At high speeds, the damping force does not change from large to small even when the steering amount is large, preventing the steering wheel from wobbling in most of the steering amount range, and improving vehicle stability at high speeds. In addition, in the low to medium speed range, the damping force of the shock absorber is increased in the small steering angle region to prevent the steering wheel from wobbling, and the damping force of the shock absorber is reduced in the large steering angle region to eliminate the feeling of friction. I can do it.

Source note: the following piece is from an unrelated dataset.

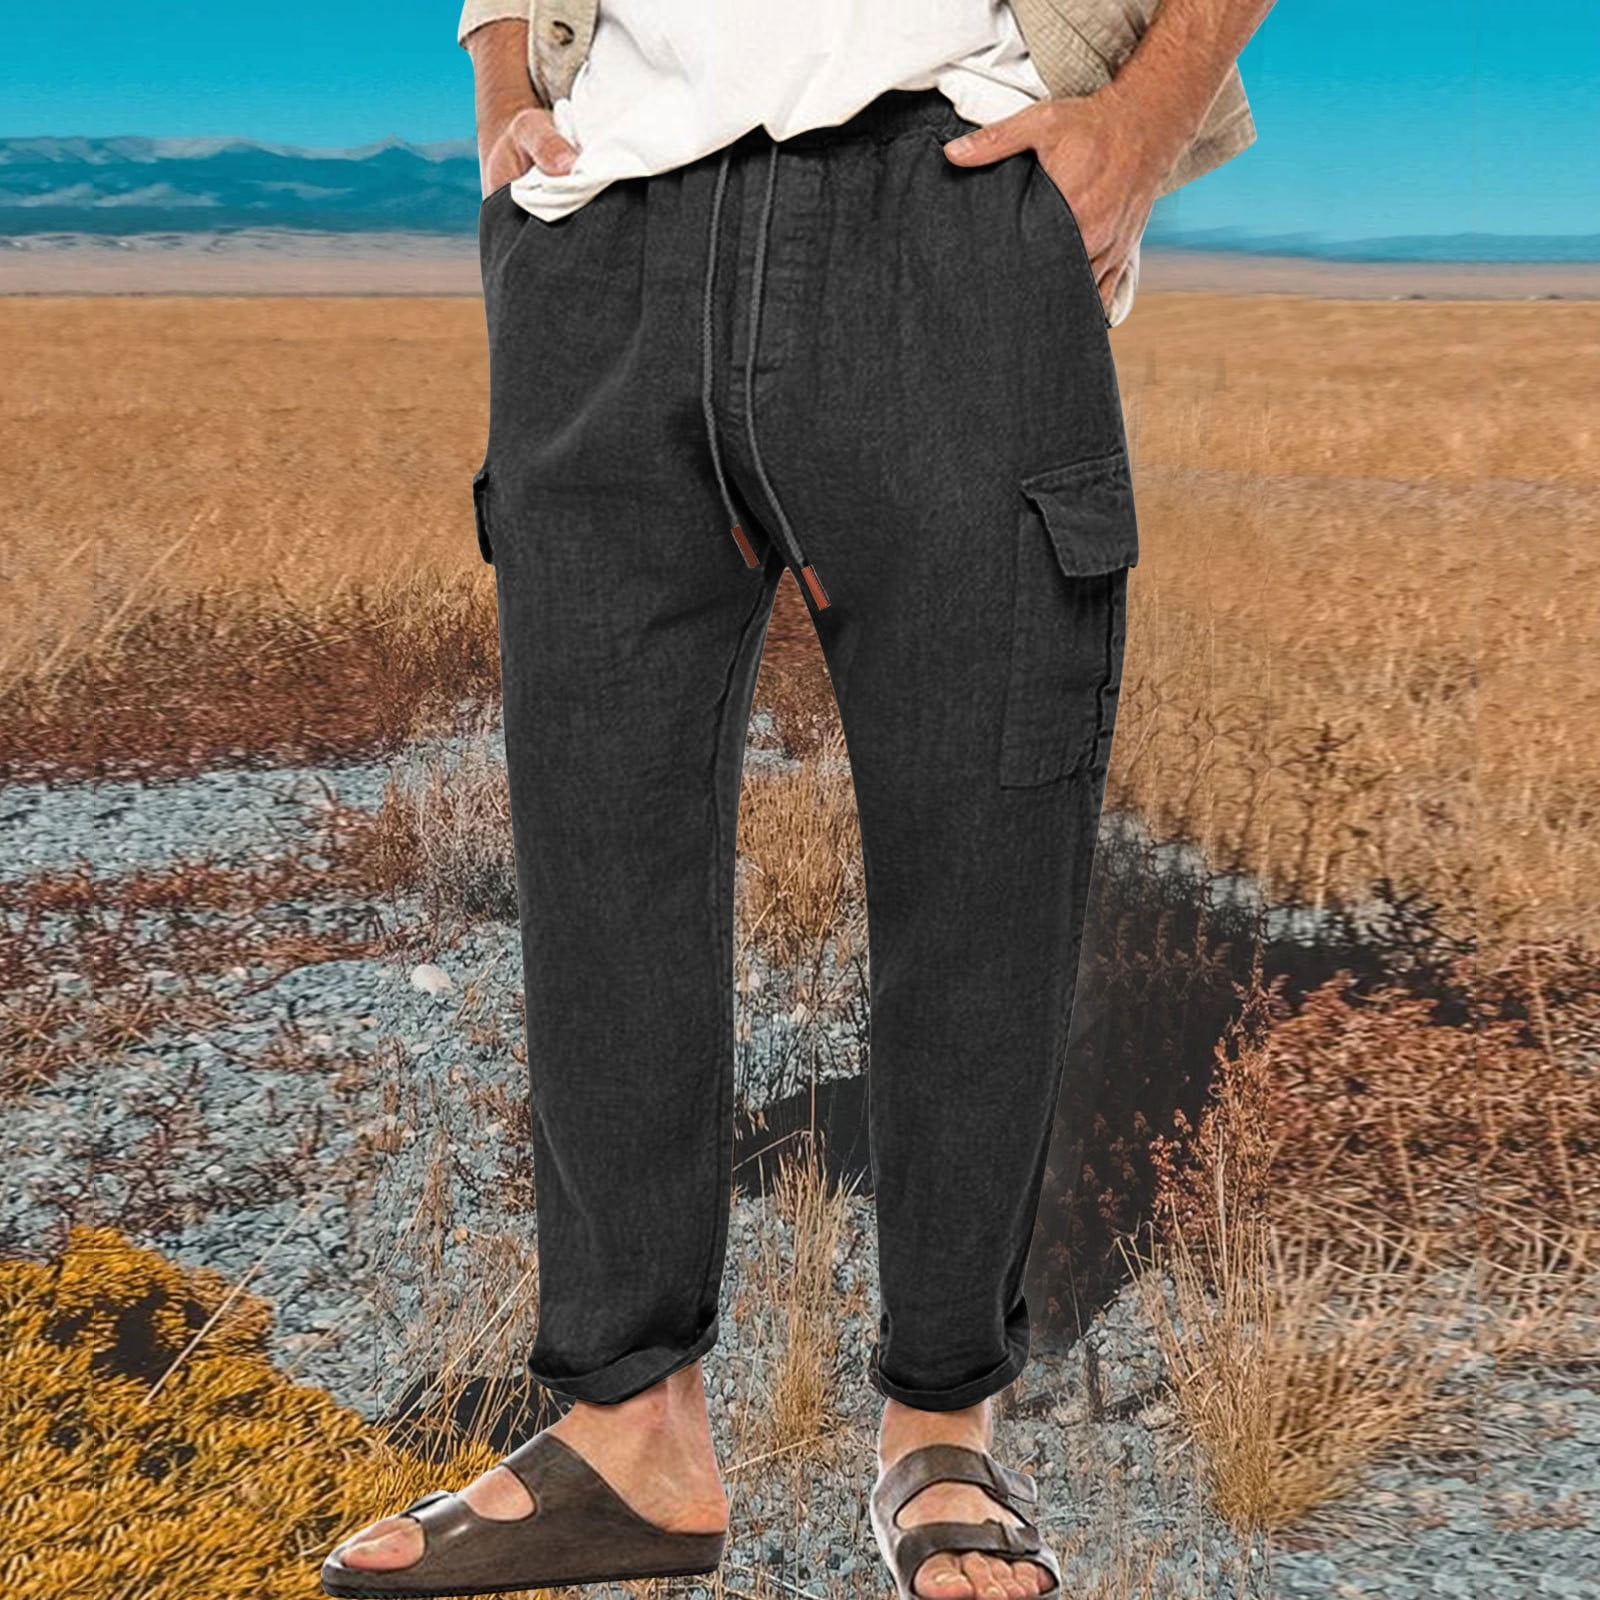 Buy Ficerd 2 Pcs Men's Drawstring Linen Pants Men Casual Beach Trousers  with Pocket Lightweight Elastic Yoga Pant, Black, White, Black, White, XL  at Amazon.in

[Brief explanation of drawings]

Fig. 1 is a front view showing an embodiment of the present invention, Fig. 2 is a plan view of Fig. 2, Fig. 3 is a sectional view showing an example of a shock absorber with variable damping force, and Fig. 4. is the third
5 is a circuit diagram showing an embodiment of the present invention; FIG. 6 is a graph showing an example of a switching line used to control the damping force of the shock absorber; FIG. Figure 8 is a circuit diagram showing an example of a case where the control unit is configured with an electric circuit.
FIG. 7 is a circuit diagram showing another example in which the control unit is configured with an electric circuit. 1...Steering wheel, 4...Natsukuru arm, 7
A, 7B...Tie rod, 8...Relay rod,
11...Buffer, 15...Piston, 16...Piston rod, 23...Oil hole, 24, 25...
Disc valve, 26...Bypass oil passage, 27
... Valve body, 28 ... Communication hole, 29 ... Control rod, 34 ... Motor, 39 ... Control unit, 60 ... Vehicle speed sensor, 61 ... Steering angle sensor.

Claims (1)

[Claims] 1. A damping force variable shock absorber provided between the vehicle body and the steering system, a damping force adjusting means for adjusting the damping force of the shock absorber, a vehicle speed detecting means for detecting the traveling speed of the vehicle, and a steering amount of the steering system. and a steering amount detecting means for detecting the amount of steering, and when the vehicle speed and the steering amount detected by both the detecting means are equal to or higher than a predetermined vehicle speed in a map representing the relationship between the vehicle speed and the steering amount, the steering is performed as the vehicle speed increases. When the vehicle speed is on the low vehicle speed side of the two regions bisected by the boundary set in the direction where the amount increases, the damping force of the buffer is reduced, and when the vehicle speed is on the high vehicle speed side, the damping force of the buffer is reduced. A steering device for an automobile, comprising a control means for controlling the damping force adjusting means to increase the force.